Content starts

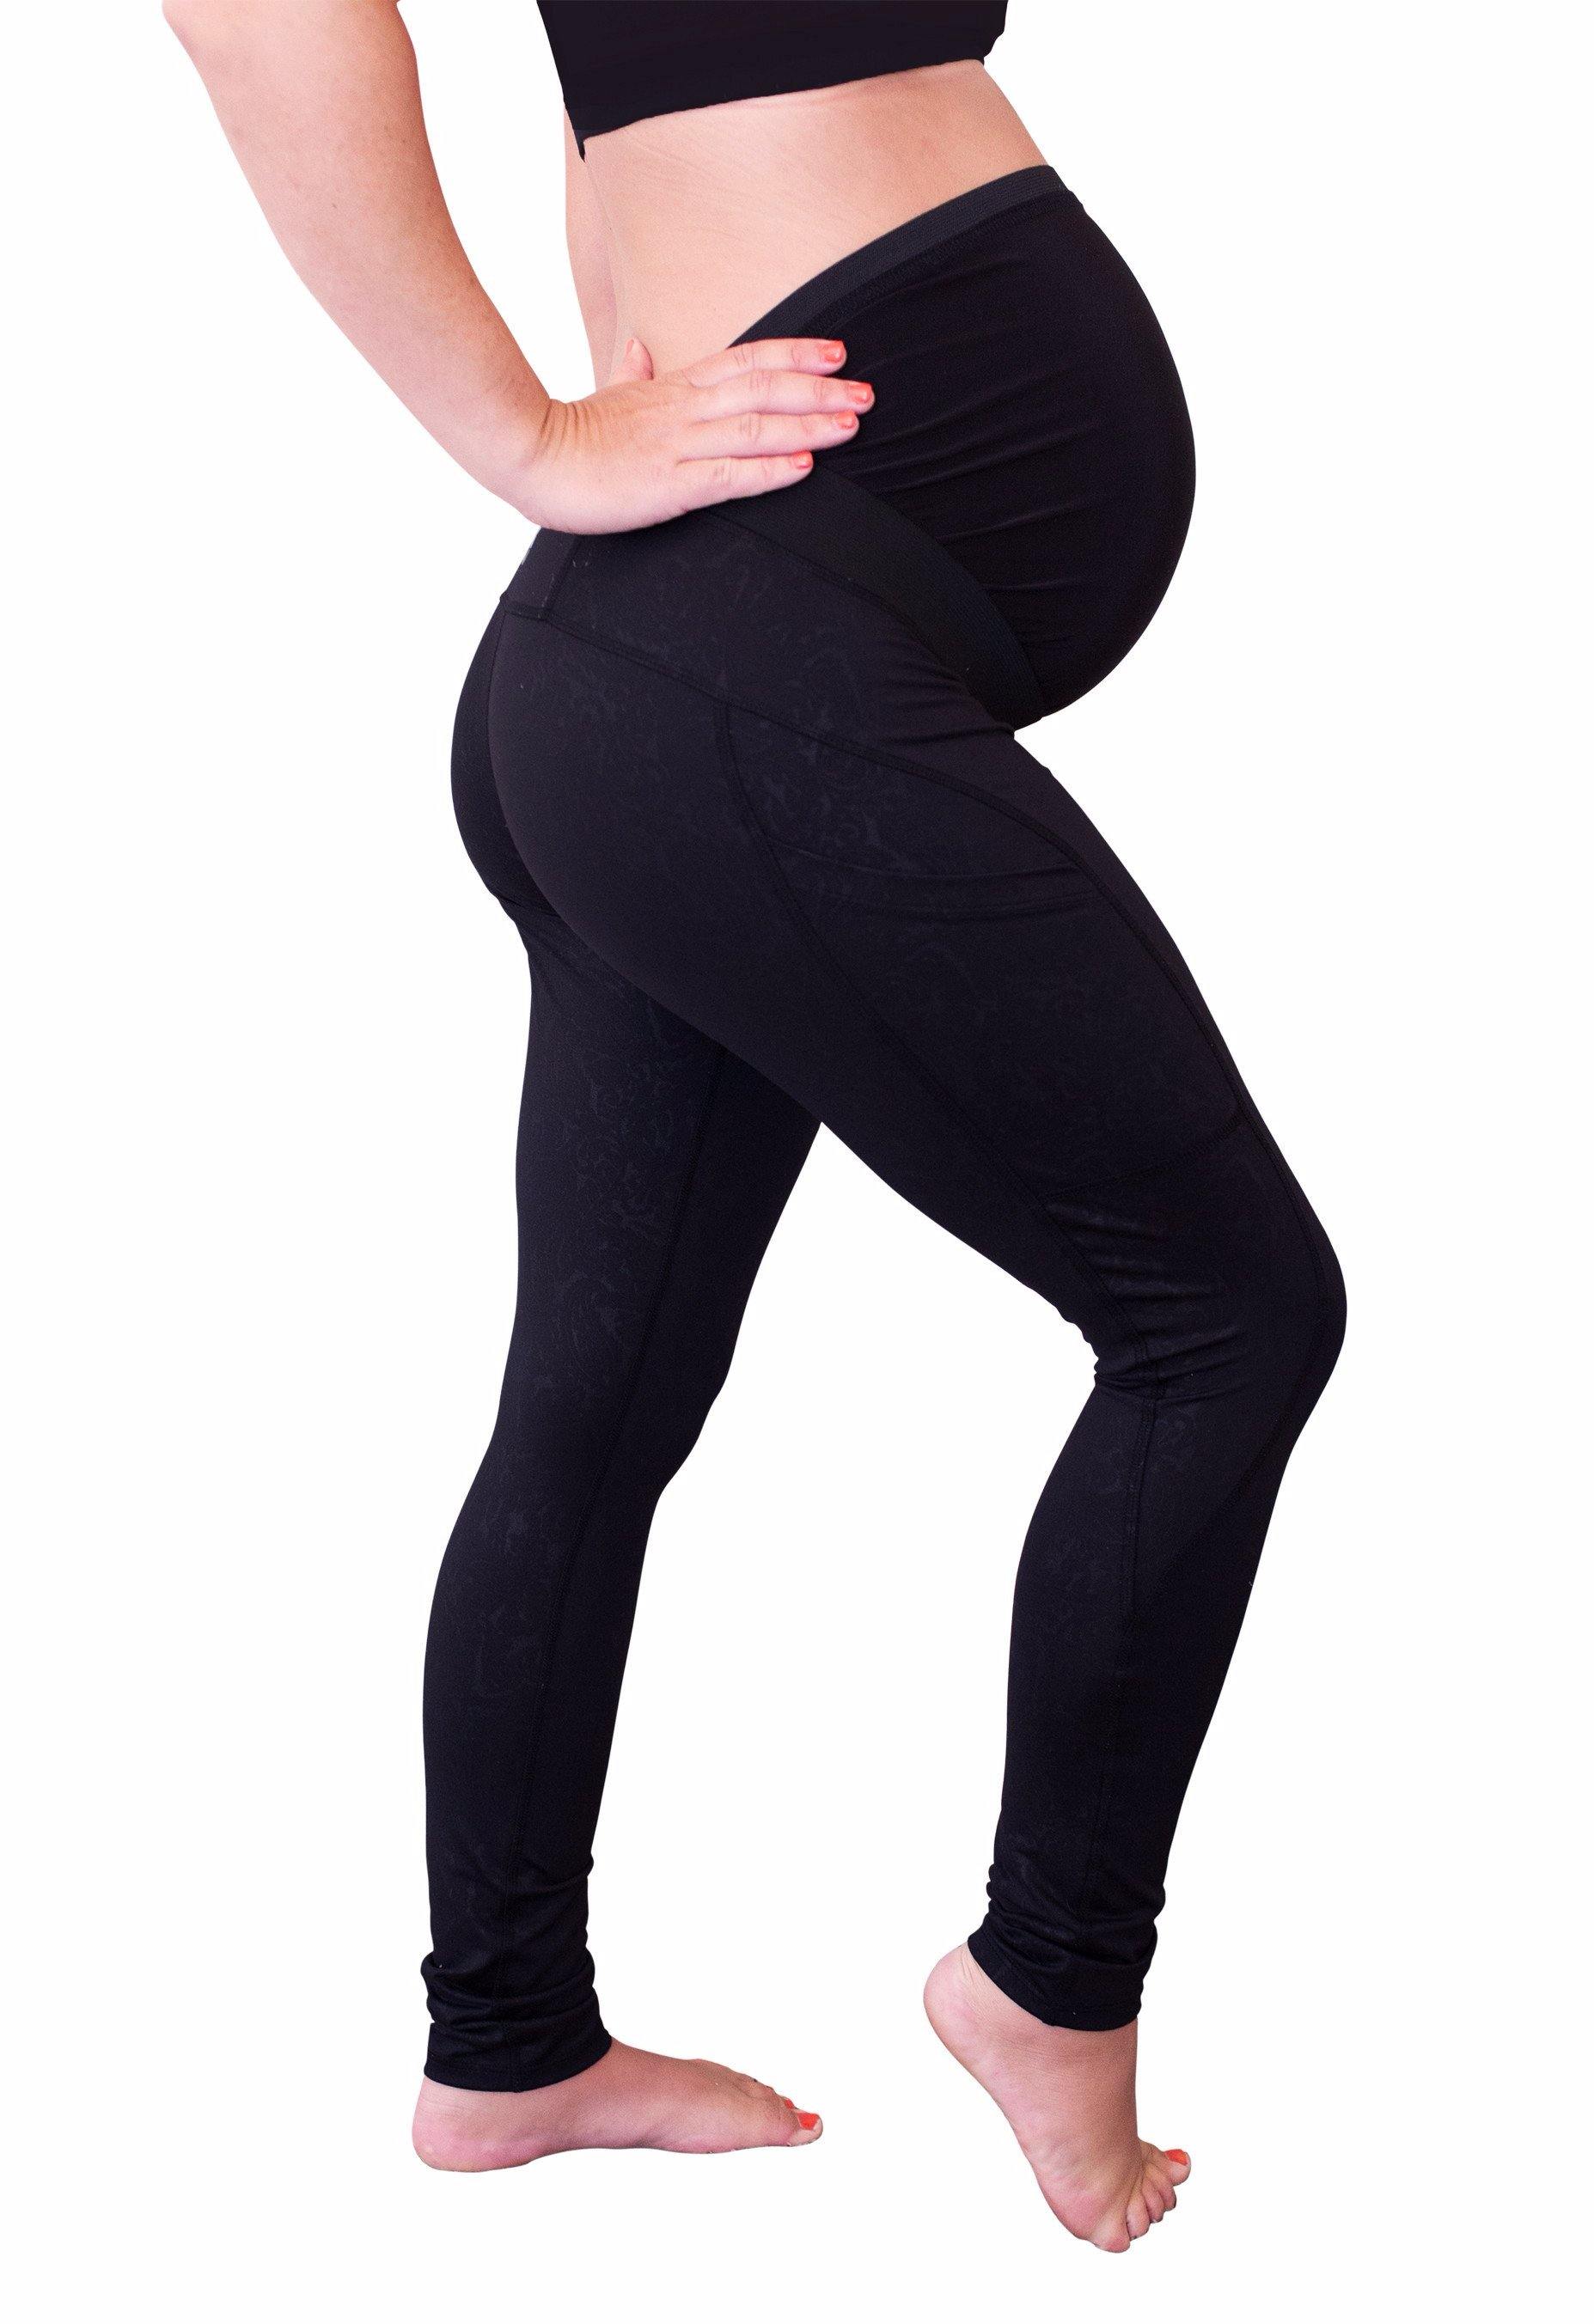 Women's Size Medium Maternity Leggings Belly Support Yoga Pants
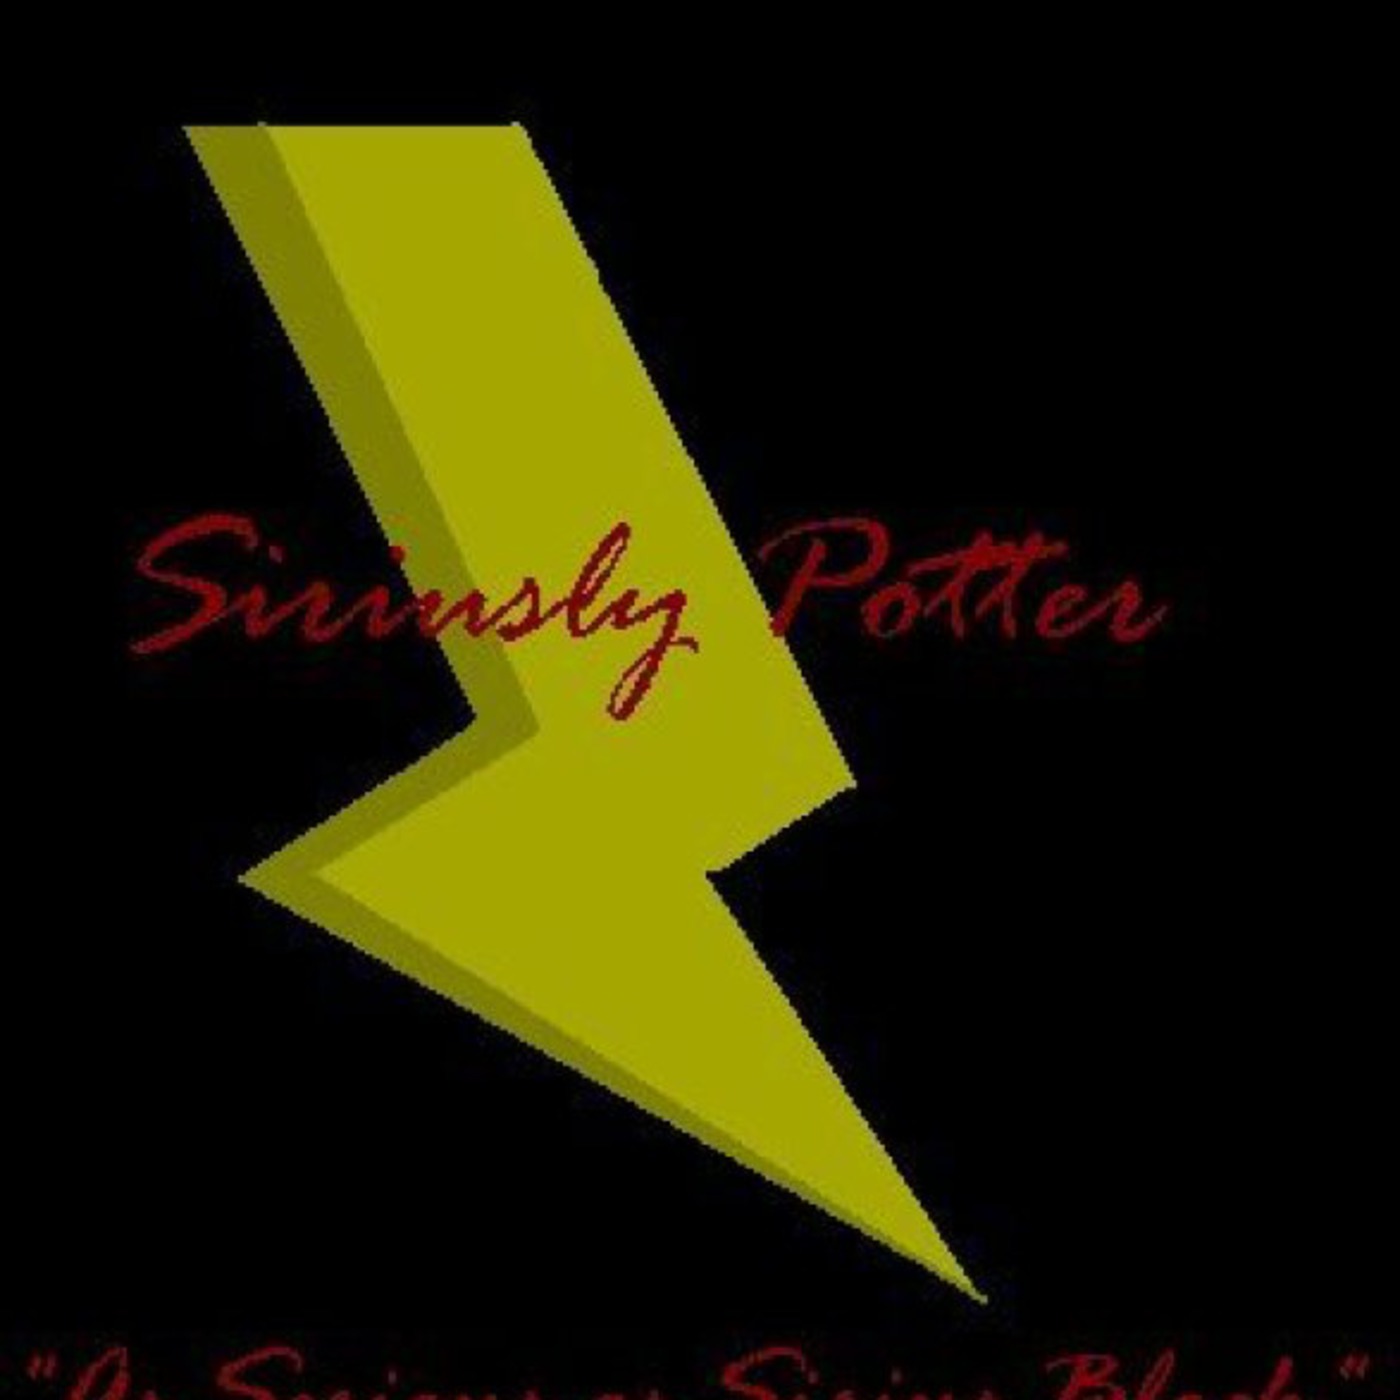 Siriusly Potter
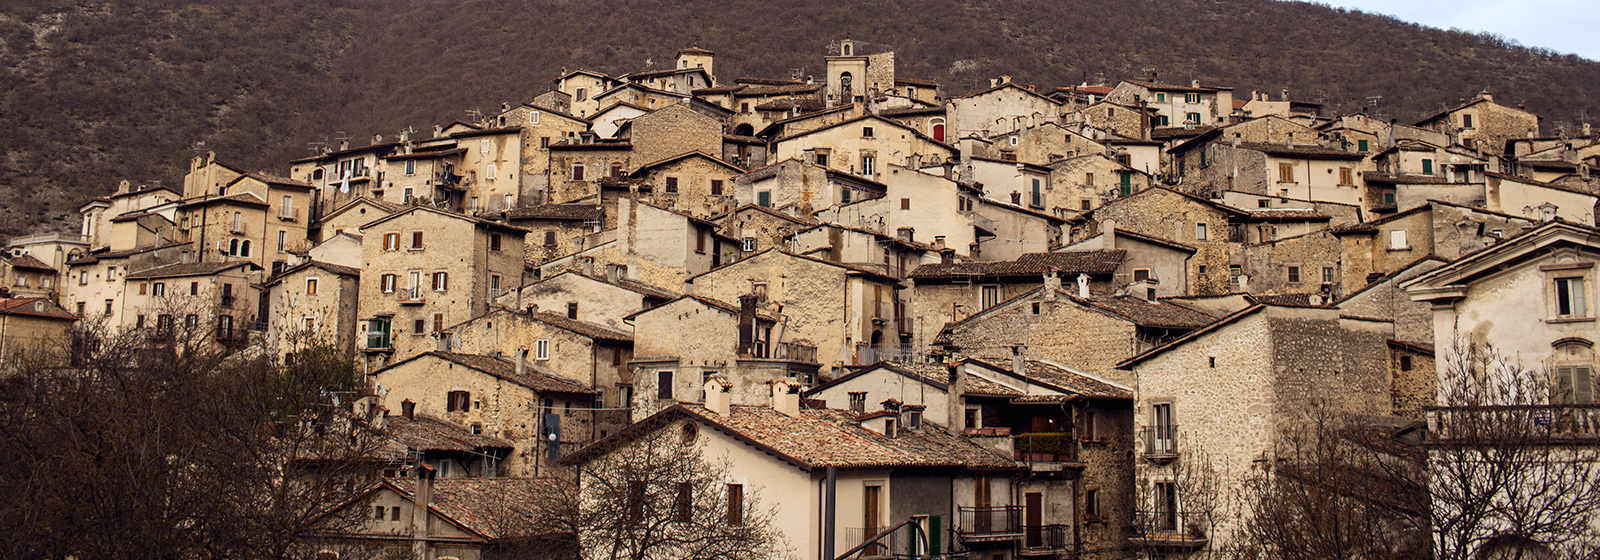 scanno-town-abruzzo-italy.jpg
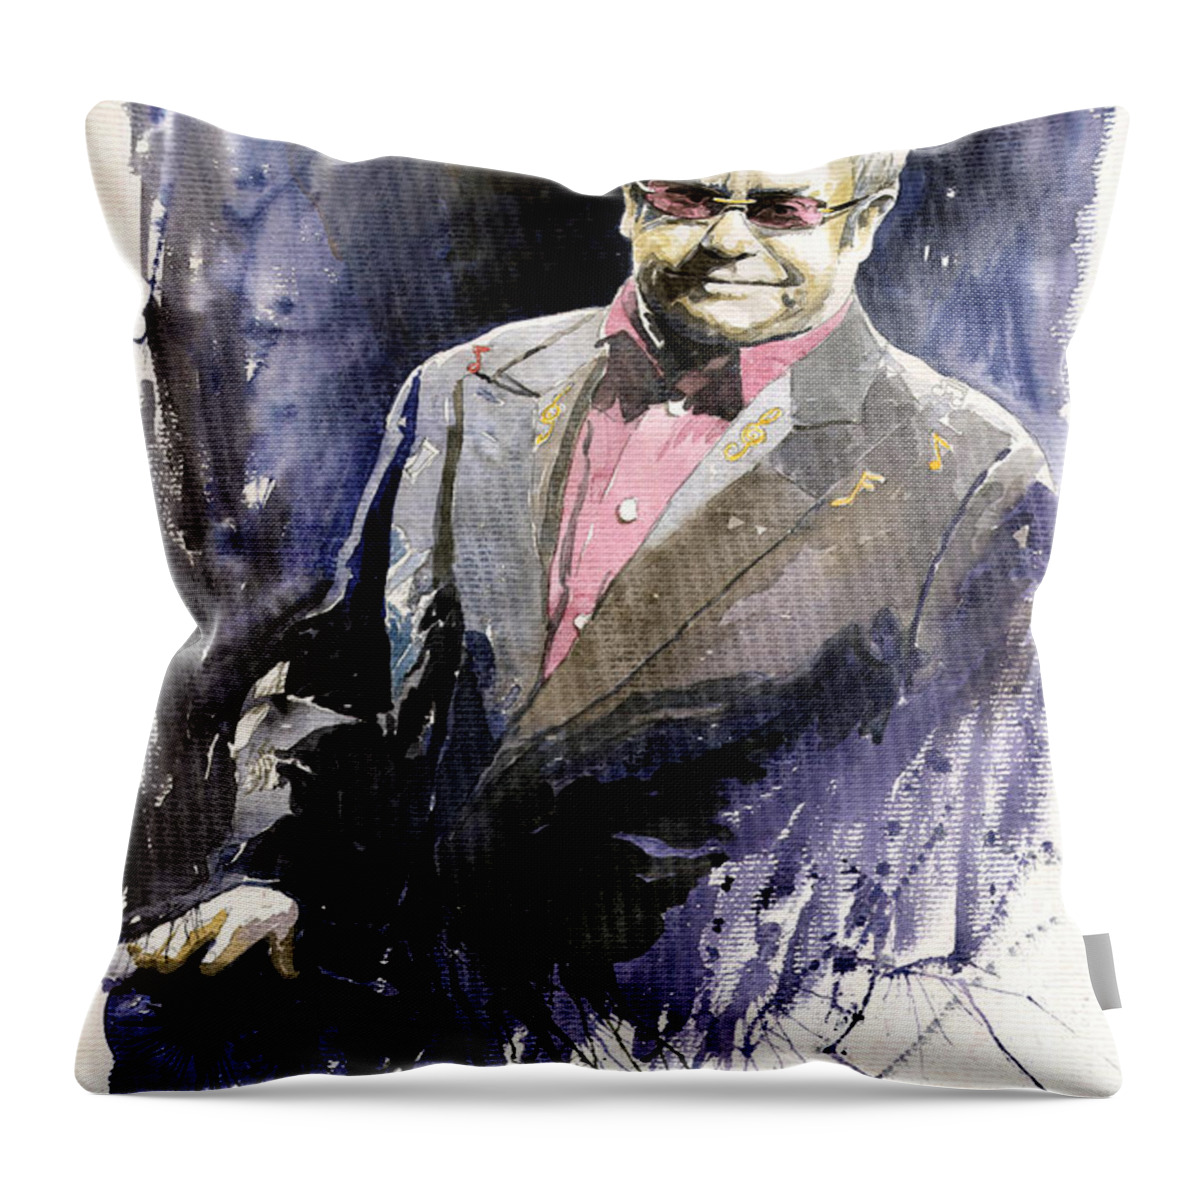 Watercolour Throw Pillow featuring the painting Jazz Sir Elton John by Yuriy Shevchuk

Content ends

◆ EXERCISE: This task calls for the lines from the line containing "Siriusly Potter" through the end of the listing, set down exactly and only, with pictures omitted.

◆ EXPECTED ANSWER:
 Siriusly Potter
 scanno-town-abruzzo-italy.jpg
 Watercolour Throw Pillow featuring the painting Jazz Sir Elton John by Yuriy Shevchuk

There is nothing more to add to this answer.